A central processing unit (10) loads a border register (36) with four color bits representing digital color signals to be used in determining the color of only the border area (40) surrounding the video area (42) of a cathode ray tube display screen (44). A BORDER CONTROL TIME signal is generated at the appropriate times in the horizontal and vertical scanning periods of the cathode ray tube to apply the digital color border signals (R, G, G, I) to a composite video signal generator (38) which generates the composite video signal for a TV set (14) or a TV monitor.

Description

TECHNICAL FIELD

The invention relates generally to color television systems and, more particularly, to a circuit for independently controlling the color of only the border around the video area of the screen of a TV receiver or monitor employing a cathode ray tube (CRT) display device.

BACKGROUND OF THE INVENTION

In cathode ray tube display devices used to display alpha-numeric and graphic images in a data processing system, such as a small personal computer or computer-controlled TV game, it is often desirable to control the color of the border area surrounding the video or image area in order to make the total display more aesthetically pleasing or easier to view. The color of this border should be controlled independently of the color and data displayed in the video area of the CRT screen.

Controlling the color of the border around the video area of the display screen is different from controlling the color of the edge of an individual character (e.g. U.S. Pat. No. 3,984,828) or the color of the background of a displayed word (e.g. U.S. Pat. No. 3,911,418).

SUMMARY OF THE INVENTION

In a data processing system, such as a small personal computer, a 4-bit software-loadable border register is provided which will independently determine the color of only the border area around the video raster zone of the CRT in a conventional television receiver or monitor. A border color control signal is enabled through the same multiplexer or color video control unit that provides the video (data and color) information supplied to the video area of the CRT screen, but this control signal is enabled at pre-defined time intervals during the scanning of the screen such that the color of the border, only, is completely independent of the video information displayed on the screen. Up to sixteen colors are available for the border.

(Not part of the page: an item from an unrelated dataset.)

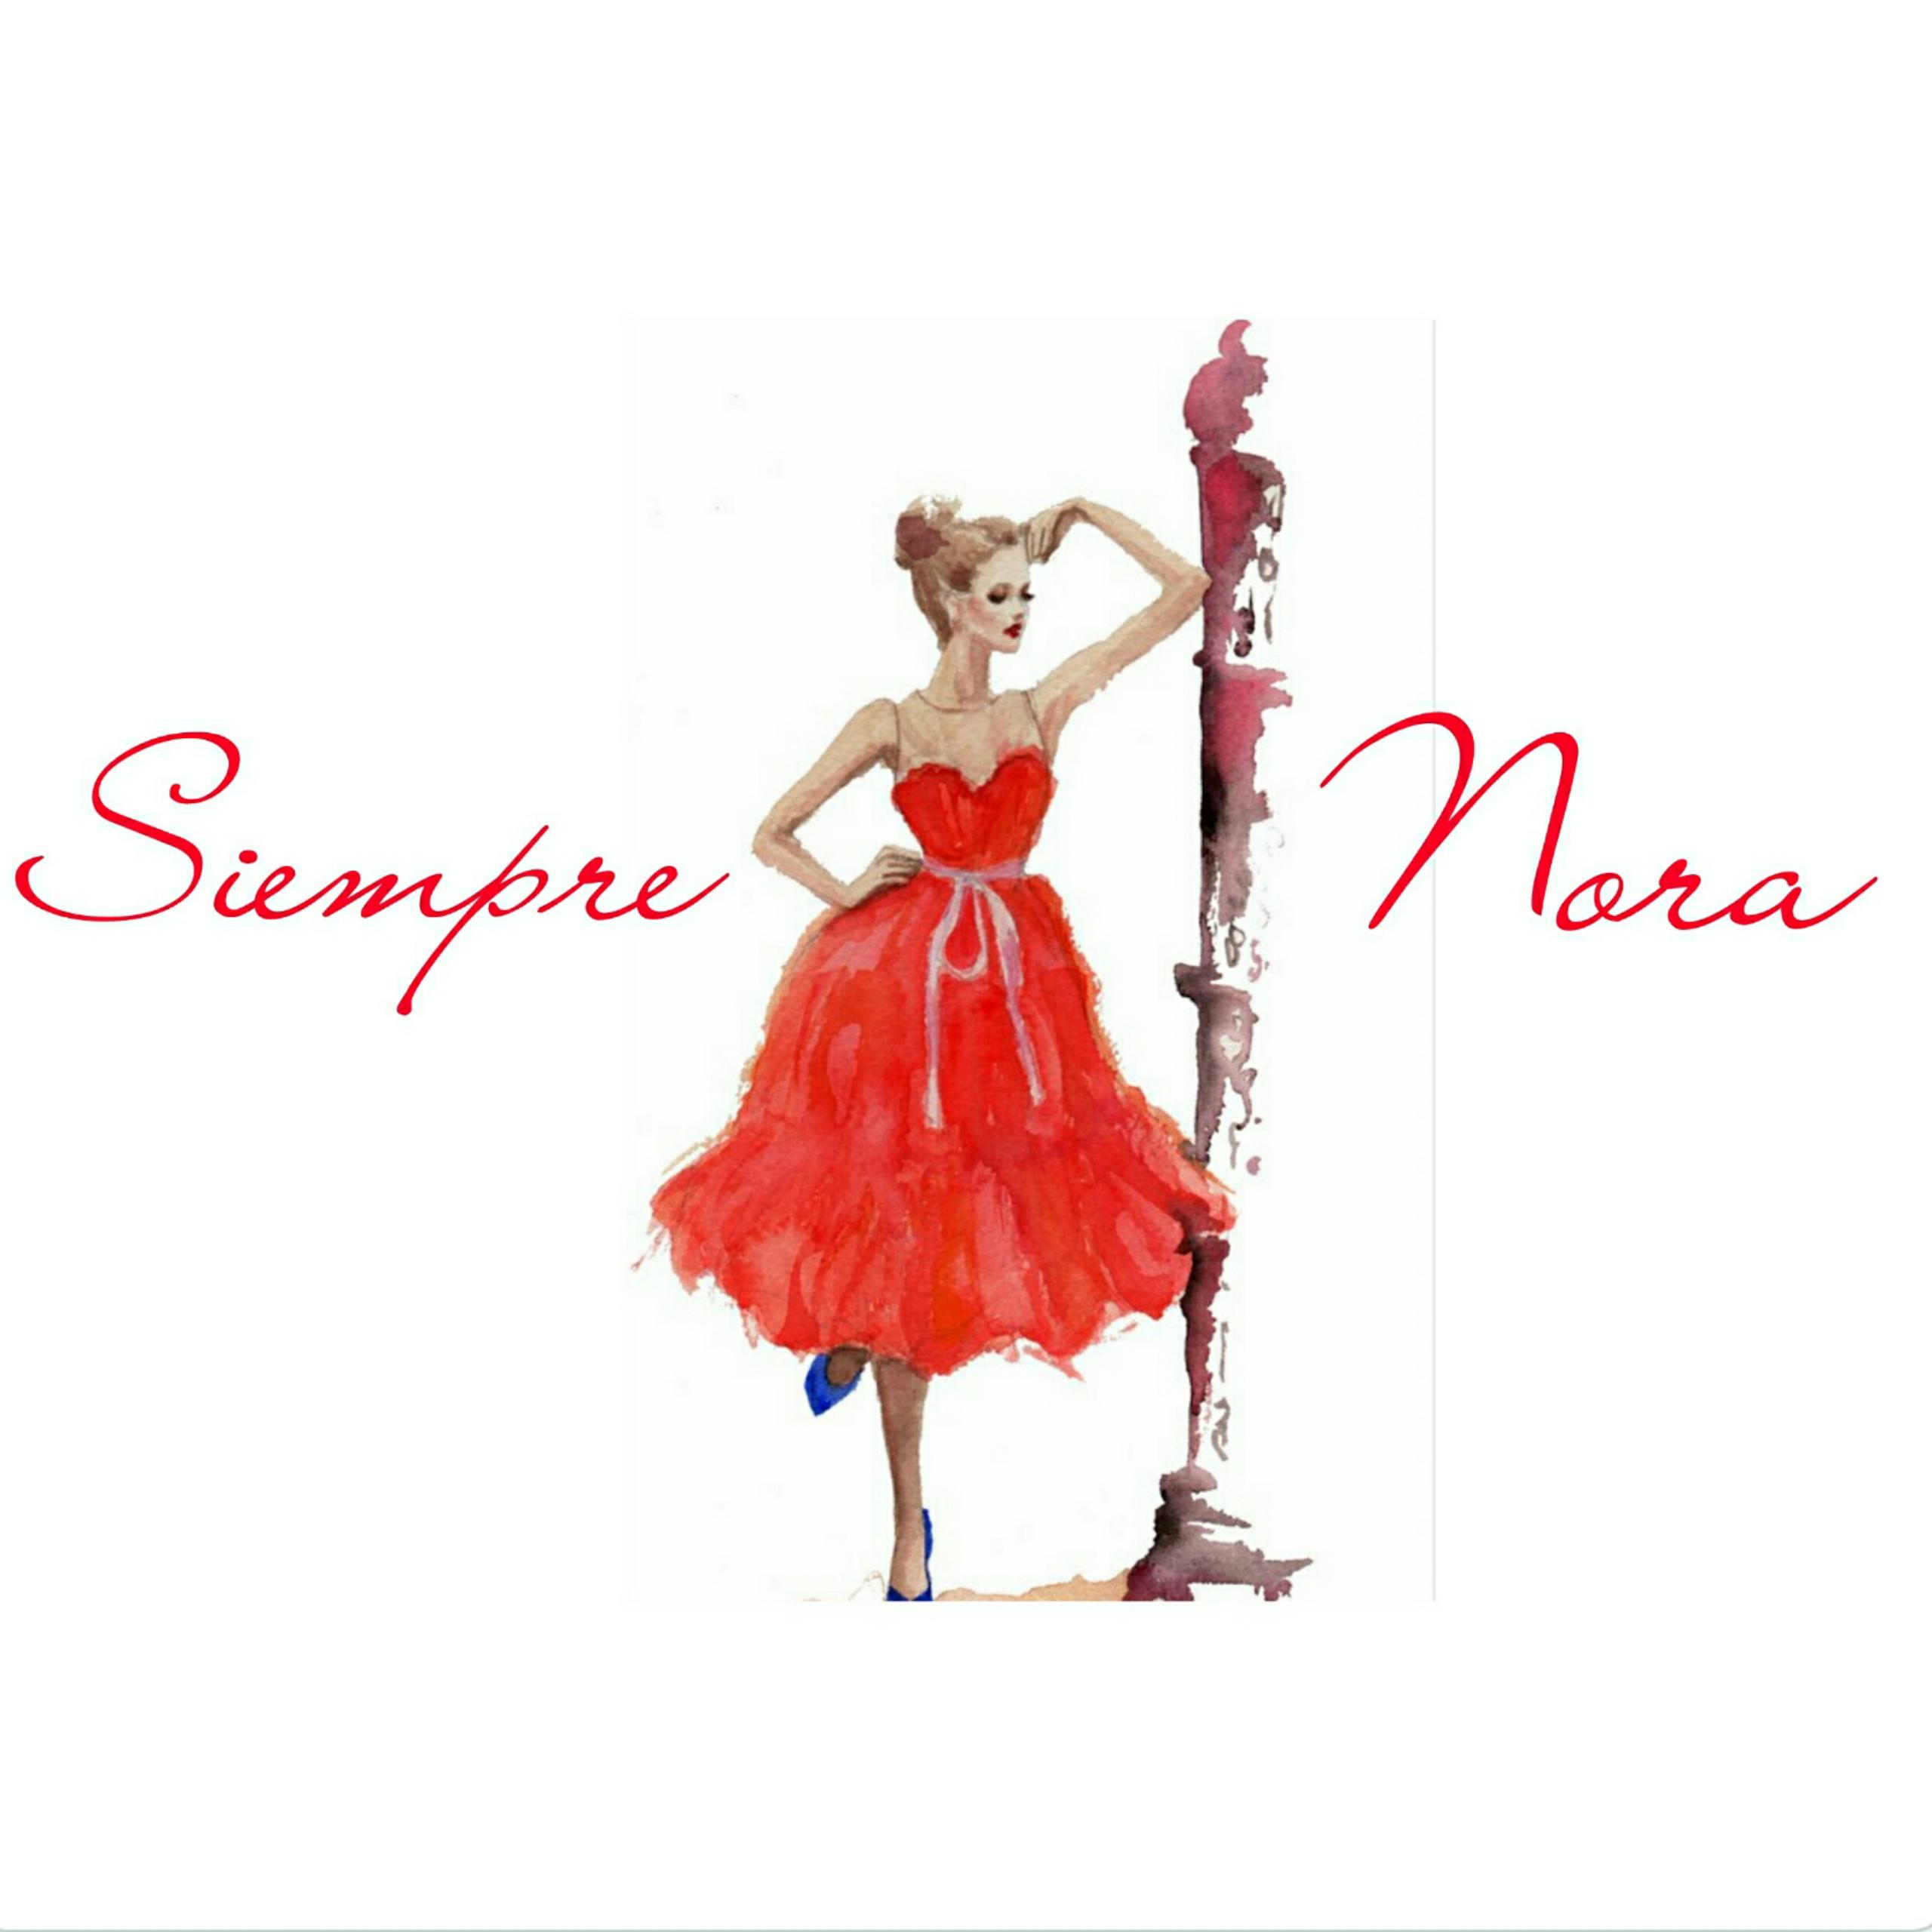 Siempre Nora

For a better understanding of the present invention, together with other and further advantages and features thereof, reference is made to the following description taken in connection with the accompanying drawings, the scope of the invention being pointed out in the appended claims.

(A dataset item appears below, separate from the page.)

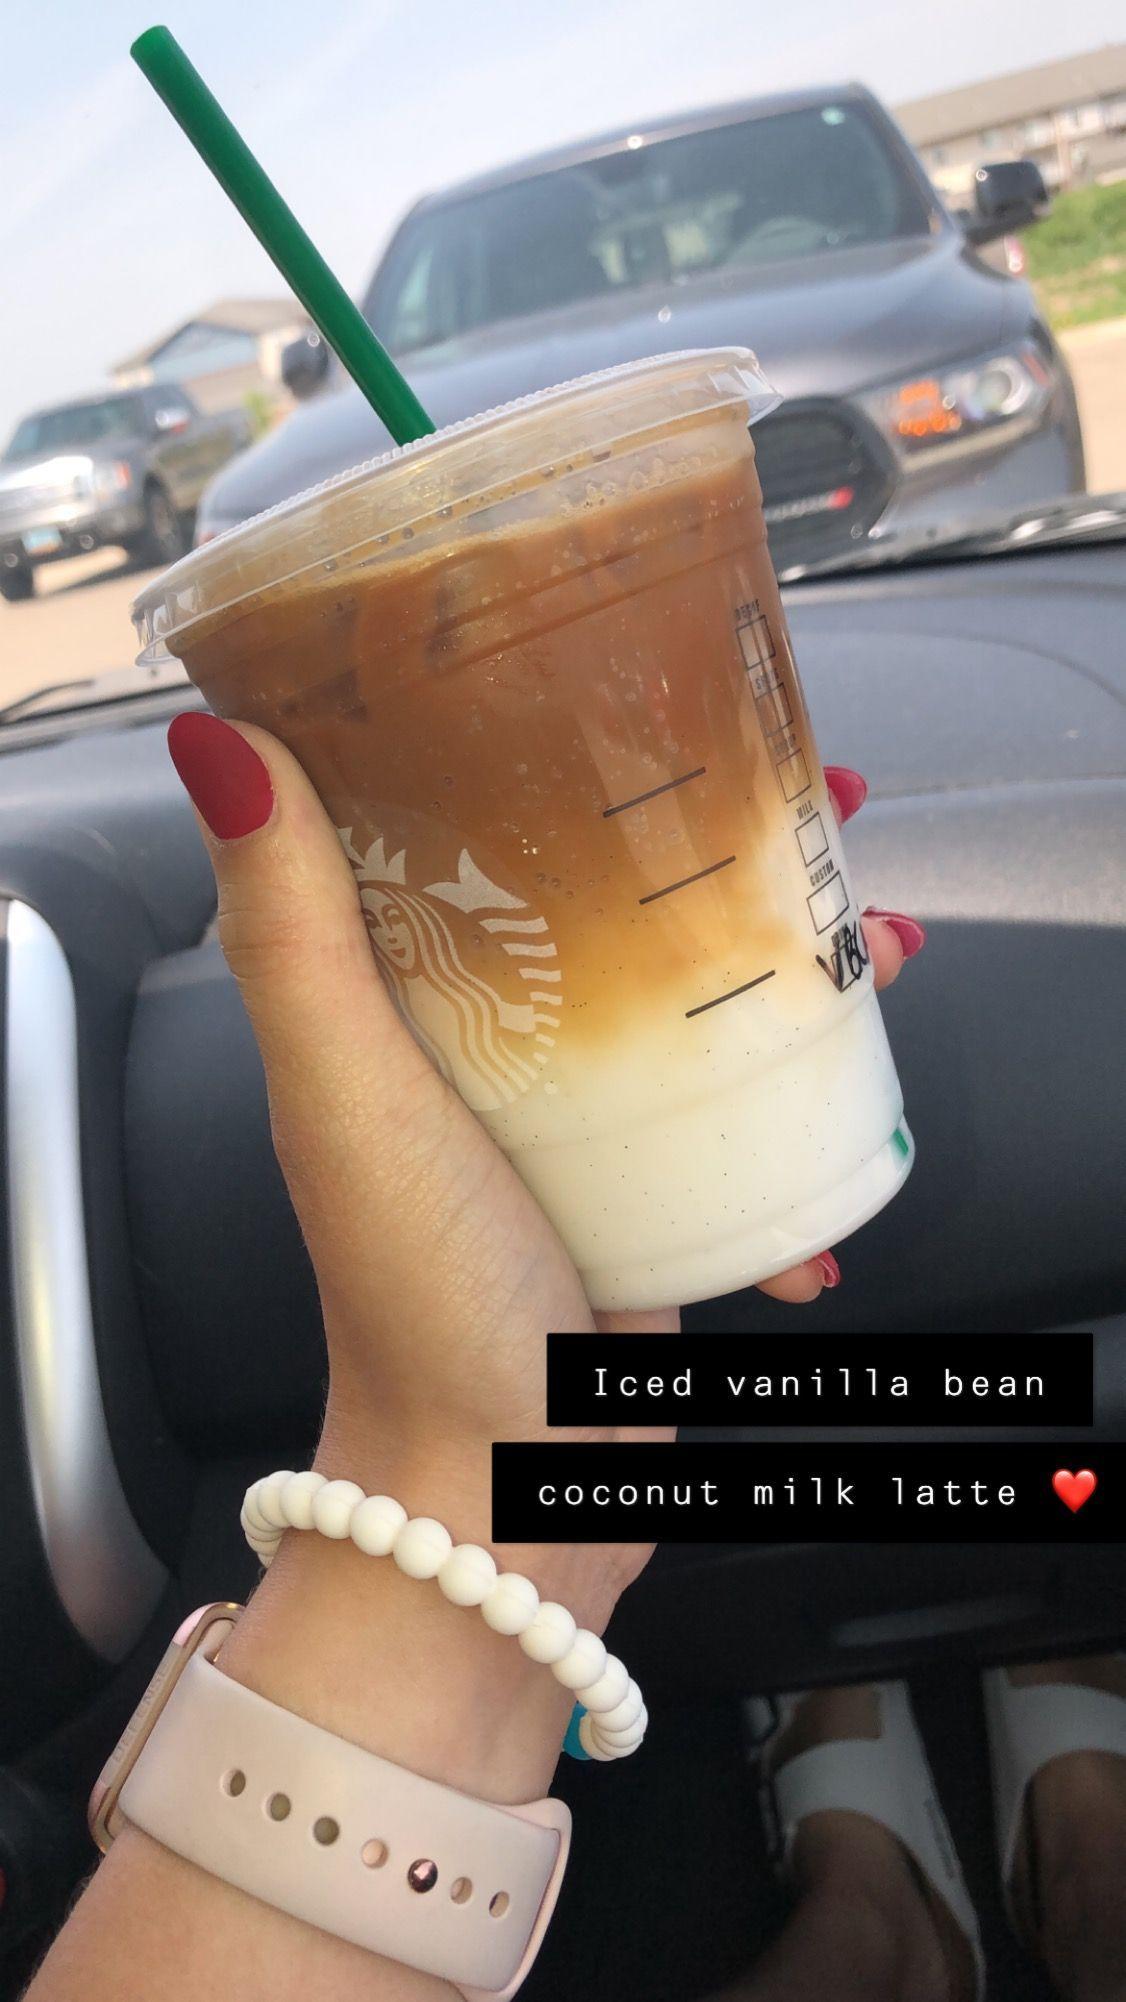 Photo of Starbucks drink

BRIEF DESCRIPTION OF THE DRAWING

FIG. 1 is a block diagram of a portion of a data processing system, such as a personal computer, which generates a composite video color signal usable by a conventional NSTC television receiver or a monitor for displaying in the video area of the screen thereof alpha-numeric and graphic information in colors determined by digital color signals generated within the system, and which includes the novel border register of this invention.

FIG. 2 illustrates the manner in which the border register contents are applied to the video information multiplexer for controlling the color of the border area around the video area of the CRT of the television receiver or a monitor.

FIG. 3 is a timing diagram illustrating the pre-defined times at which the border color control signal is enabled in order to control the color of the complete border surrounding the field area of a TV screen.

FIG. 4 is a schematic diagram of a TV screen showing the "video" and "border" areas.

DETAILED DESCRIPTION OF THE PREFERRED EMBODIMENT

FIG. 1 is a block diagram of a portion of a data processing system, such as a personal computer, in which alpha/numeric and graphic data, generated by a keyboard or other components of the system, are displayed on a cathode ray tube, such as a conventional television receiver or monitor.

Such a system is one example of a source for the various signals applied to the novel composite video generator 38 whose details are illustrated in FIG. 3.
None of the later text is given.